Warum sind die erwähnten 20 Prozent Trend und Fashion so wichtig?

Um neue Marken zu testen und Trends zu setzen. Bei uns sind alle Einkäufer angehalten, neue Marken und Themen aufzuspüren. Denn sie sorgen für die Spannung und für die modische Positionierung. Wir werden in den großen Häusern eine spezielle Fläche haben, wo wir die Burger-Sortimente führen und das eröffnet unseren Einkäufern auch ganz neue Perspektiven. Wir wären ja nicht mehr auf dem Markt, wenn wir uns nicht in den 133 Jahren unserer Geschichte laufend den Tendenzen und dem Markt mit Innovationen anpassen würden.

Für die Marke Paul Kehl haben Sie im vergangenen Herbst die erste Kollektion für Damen vorgestellt. Ein Erfolg?

Wir wollen damit an den Erfolg der Herrenkollektion anknüpfen. Paul Kehl verfügt über ein sehr gutes Team, dem in den letzten Jahren eine klare Markenpositionierung für Paul Kehl gelungen ist: Swiss Sports Club. Diese drei Begriffe repräsentieren die Werte von Paul Kehl, immerhin die älteste Modemarke der Schweiz. Es gibt sie seit 1881. Den Spirit der Swissness werden wir auch in der Damenkollektion beibehalten. Die beiden Attribute Sports und Club müssen natürlich viel femininer, modischer und schneller interpretiert werden. Das ist der Weg, für den wir uns entschieden haben, und wir sind sehr gespannt, wo er uns hinführt. Paul Kehl hat ein großes Wachstumspotenzial.

Ist die aktuelle Konzentration auch eine Reaktion auf die ver änderten Marktverhältnisse? Schließlich ist der klassische, lokale Multibrand-Fachhandel in den letzten Jahre verstärkt unter Druck geraten – und zwar von verschiedenen Seiten.

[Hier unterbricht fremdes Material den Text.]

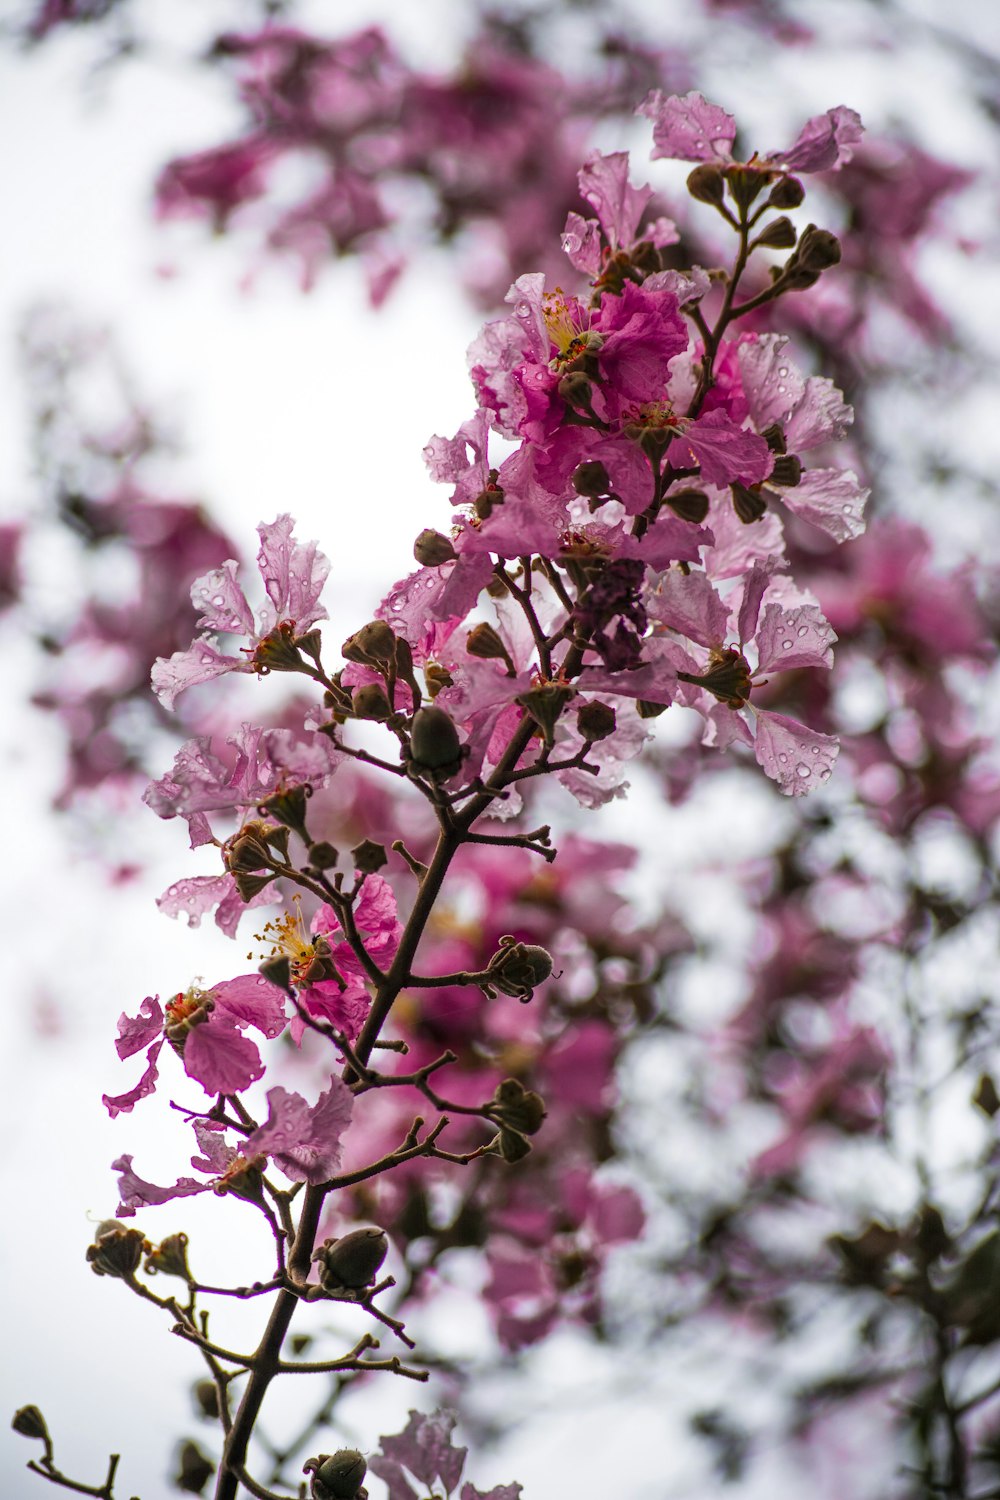 Những bông hoa màu hồng trên cành cây rất đẹp và lãng mạn. Chúng thể hiện sự tươi mới và sự sống đầy hy vọng. Hãy xem hình ảnh này để tận hưởng thêm cảm giác thần tiên và phấn khích.

Der Markt hat sich stark verändert, nicht zuletzt durch tiefpreisige, vertikale Mitbewerber wie H&M oder die Inditex Gruppe, die einen hervorragenden Job machen. Es gibt viele Marken, die in ihren eigenen Shops ein gutes Business machen, das gab es vor 20 Jahren kaum. Unsere Hauptmarken Armani, Boss, Diesel, G-Star, Marc O’Polo, Tommy Hilfiger oder Zegna, aber auch Paul Kehl haben inzwischen ihre eigenen Läden. Es findet gerade eine natürliche Auslese statt. Sie haben einerseits im unteren Preisbereich sehr tüchtige, sehr schnelle vertikale Anbieter und im oberen Preisbereich Topmarken, die ihre eigenen Läden machen. Und als dritten Faktor haben Sie Online, ein neuer Kanal, der stark wächst. Unsere Antworten auf diese Veränderungen im Markt ist wie folgt: 1. Als Multibrand-Anbieter mit den besten Marken findet unsere Kundin und unser Kunde alles unter einem Dach. 2. Unsere Stärke ist glaubwürdige Qualität und kompetenter Service. Das von uns bevorzugte Marktsegment der Mitte und der oberen Mitte spricht die meisten Schweizerinnen und Schweizer an. Die große Mehrheit will nicht nur Billigmode oder sehr teure Marken. 3. Unser Preis-Leistungs-Verhältnis muss hervorragend sein. 4. Unter der Marke PKZ werden wir im Schweizer Markt der kompetenteste MultichannelAnbieter im Fashionbereich. Mit einem Angebot von über 10.000 Artikeln online und der Möglichkeit, in all unseren rund 50 Geschäften reservieren oder umtauschen zu können, decken wir die Bedürfnisse der modernen Kundschaft online wie offline ab. 5. Mit Paul Kehl haben wir eine eigenständige Marke, die vertikal, schnell und sehr beliebt ist und erst noch exklusiv bei PKZ und in unseren Paul Kehl Stores zu finden ist. Mit der Konzentration auf PKZ und Paul Kehl wird auch in der Kommunikation eine viel stärkere Wirkung entstehen. Wir freuen uns auf diese spannenden Veränderungen.